Caltech creates nanoscale metal structures for medical, space applications

26 Mar 2026

Two-photon lithography process leads to enhanced physical properties.

A project at Caltech has fabricated 3D metallic pieces with nanoscale structures using a two-photon lithography process.

Described in Nature Communications, the manufacturing principle could now be applied to the creation of items for medical devices and space missions, among other applications.

The process can work with any metal or metal alloy, according to Caltech, and yields components of surprising strength despite having porous and defect-ridden microstructures.

The procedure starts by using a tightly focused femtosecond laser beam to build a desired shape out of a light-sensitive polymer, making high-fidelity 3D polymer templates. After infusing the miniature "organogel" sculpture with metallic salts such as copper nitrate or nickel nitrate, the structure is heated twice in a specialized furnace.

The first heating cycle burns off the organic material, leaving the metal oxide. Items for certain end uses might be complete at this stage, but for others a second thermal step using different furnace gases removes oxygen from the oxides, to leave a structure formed of only the desired metal.

"Because of this thermal process, there's a tremendous amount of shrinkage," commented Caltech's Julia Greer. "The process can reduce the preheated volume by as much as 90 percent, yielding tiny lattices for heat exchangers, for example, with overall dimensions smaller than 50 microns and building blocks measured in nanometers."

Modeling custom nanostructured parts

The nanostructures made by this process proved to contain numerous flaws, such as pores, grain boundaries, and even inclusions or impurities.

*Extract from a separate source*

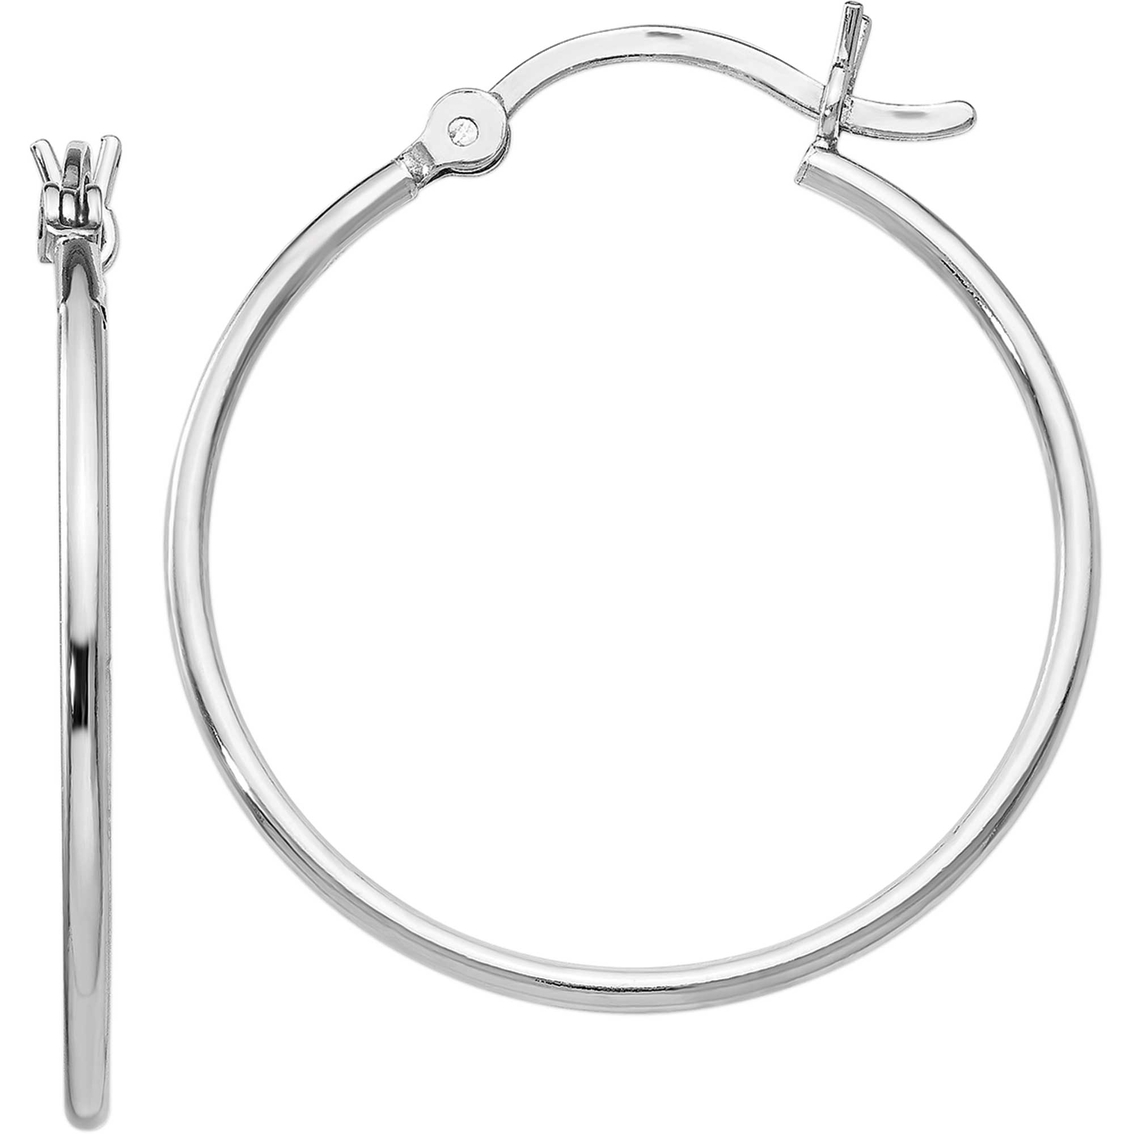 Sterling Silver Polished Hinged Hoop Earrings - Image 2 of 2

These would normally make a metallic part weak and susceptible to failure.

But in this case Caltech modeling predicts mechanical strengths that might be up to 50 times greater than that expected from the same metals with larger dimensions and similar microstructures, thanks to the cumulative structural effect of the nanoscale organization made through lithography.

"The produced nickel nano-architectures exhibit remarkable specific mechanical strengths, surpassing the fabrication precision, structural complexity and mechanical robustness limitations of prevailing metal additive manufacturing methods," wrote the project in its paper.

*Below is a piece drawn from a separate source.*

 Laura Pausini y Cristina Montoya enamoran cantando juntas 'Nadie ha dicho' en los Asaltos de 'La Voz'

Julia Greer stressed that these modeled results were not inferences, but derived directly from the specific nanoscale structures created via lithography.

"I think this work basically shows that in the future, even when we 'nano-architect' our world with custom parts, we'll be able to reliably predict their properties, something society hasn't been able to accomplish yet," said Greer. "And we don't have to disqualify a part simply because it contains defects."